Profitability dispersion across business portfolio: B2C Subscription has a high Operating Margin of 8.8% but Revenue is down -3.0%, while B2B Subscription and Social Services are growing but have low margins of 3.5% and 3.7% respectively. If the core B2C contracts shrink, consolidated margins could structurally decline. The disposal of the vehicle operation services removed a high-margin area, and maintaining customer retention and ASP improvement in B2C will be key to consolidated earnings.
Impairment risk on intangible assets and goodwill: Goodwill ¥77.3B and intangible fixed assets ¥229.8B total ¥307.1B, representing 28.4% of total assets. While impairment losses ¥17.1B were recorded this period, further deterioration in business conditions or failure to realize acquisition synergies could trigger additional impairments. With Net Assets ¥290.7B, the goodwill ratio is 26.6%, and a large impairment could further reduce Equity Ratio (currently 26.9%), harming financial soundness.
Profitability & Returns
| Metric | Company | Median (IQR) | Delta |
|---|---|---|---|
| Operating Margin | 2.9% | 4.6% (1.7%–8.2%) | -1.7pt |
| Net Margin | 0.3% | 3.3% (0.9%–5.8%) | -3.0pt |
Operating margin trails the industry median by 1.7pt, remaining a low-profit level within the retail sector.

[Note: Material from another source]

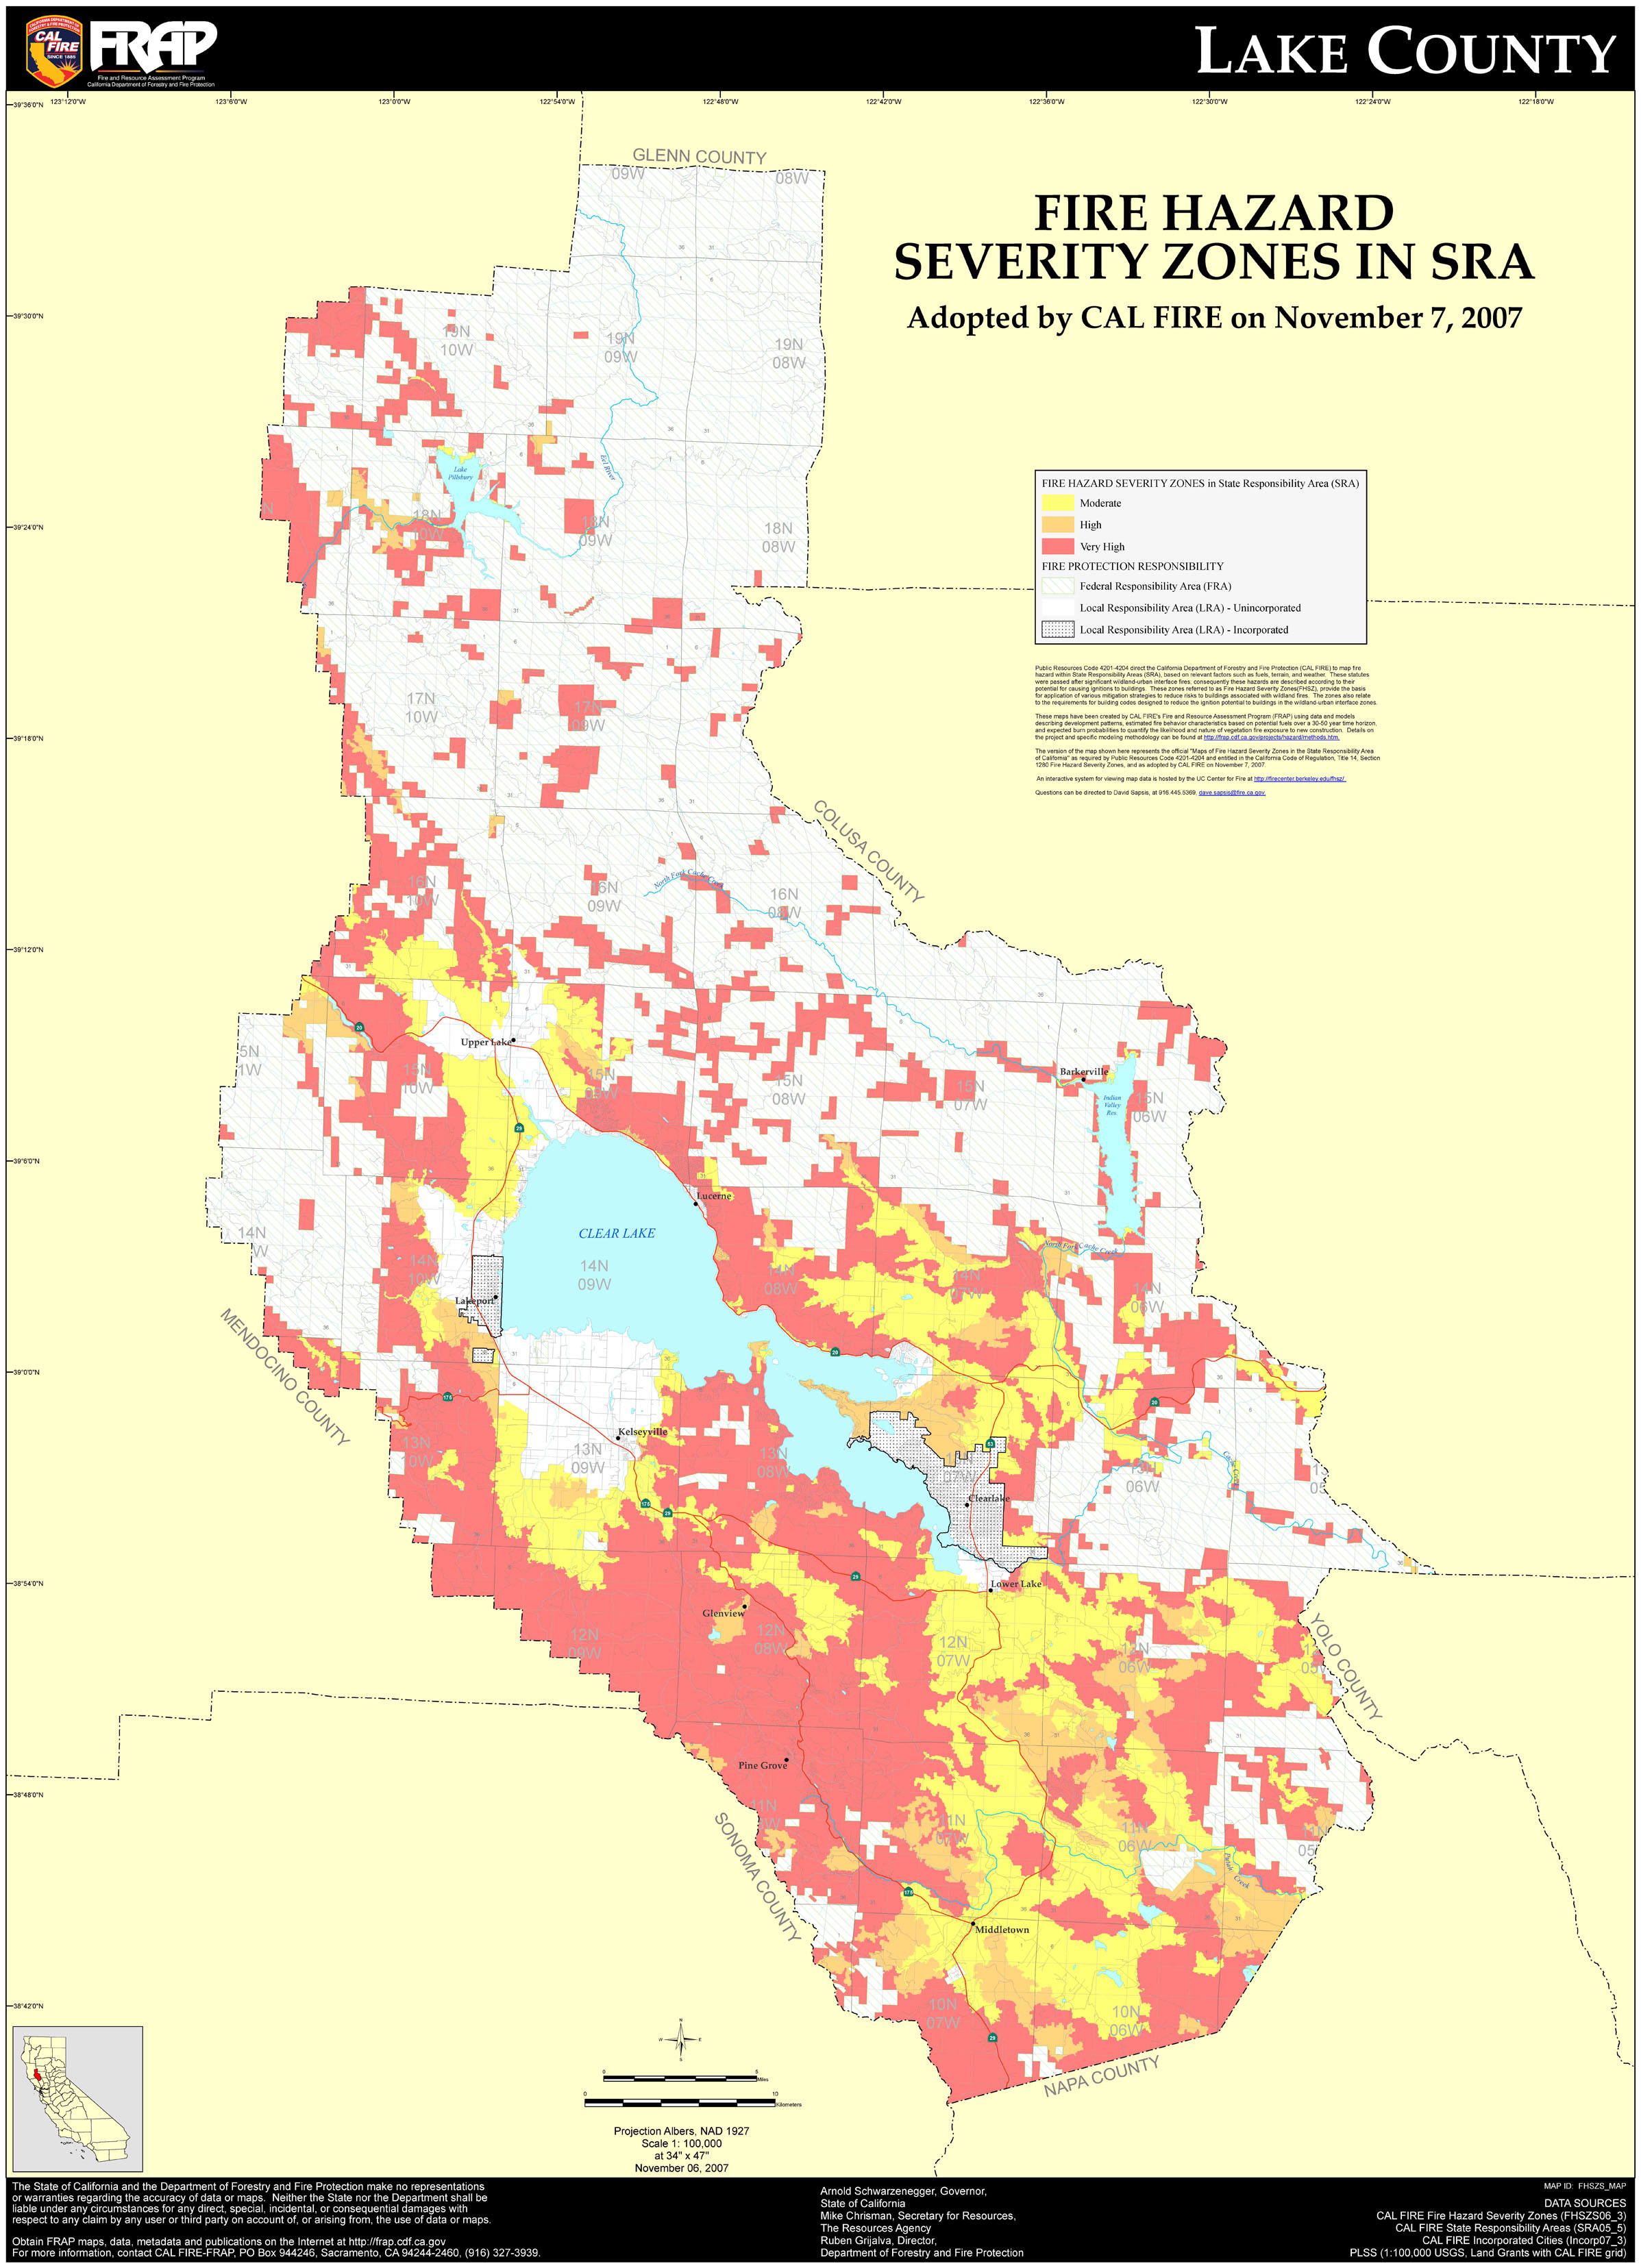 California Fire Map Google - Klipy - State Of California Fire Map

Growth & Capital Efficiency
| Metric | Company | Median (IQR) | Delta |
|---|---|---|---|
| Revenue Growth (YoY) | -1.8% | 4.3% (2.2%–13.0%) | -6.1pt |
Revenue growth lags the industry median by 6.1pt, indicating weaker growth position during a revenue-contraction phase.
※Source: Company compilation
Through portfolio restructuring and cost optimization, the company achieved +6.9% Operating Income growth despite Revenue decline, improving Operating Margin to 2.9% (prior year 2.7%). Operating Income increases in B2B Subscription (+117%) and Social Services (+22.8%) supported consolidated profitability, and the divestiture of Vehicle Operation Services removed low-margin areas. Going forward, maintaining cost discipline while expanding B2B and Social Services contracted projects is expected to continue driving margin improvement.
Free Cash Flow was ample at ¥113.2B, with OCF/Net Income 2.05x demonstrating high-quality cash generation. The company repaid long-term borrowings of ¥123.4B, reducing interest-bearing debt and improving Debt/EBITDA to 1.80x. However, short-term borrowings of ¥141.6B shortened the debt maturity profile, and the current ratio remains at a minimal level of 111.1%, so refinancing of short-term liabilities and improvement of working capital efficiency will be key to future financial soundness.
This report is an earnings analysis document automatically generated by AI based on XBRL financial statement data. It does not constitute a recommendation to invest in any specific security. Industry benchmarks are reference information compiled by the company based on public financial data. Investment decisions should be made at your own responsibility; consult a professional as needed.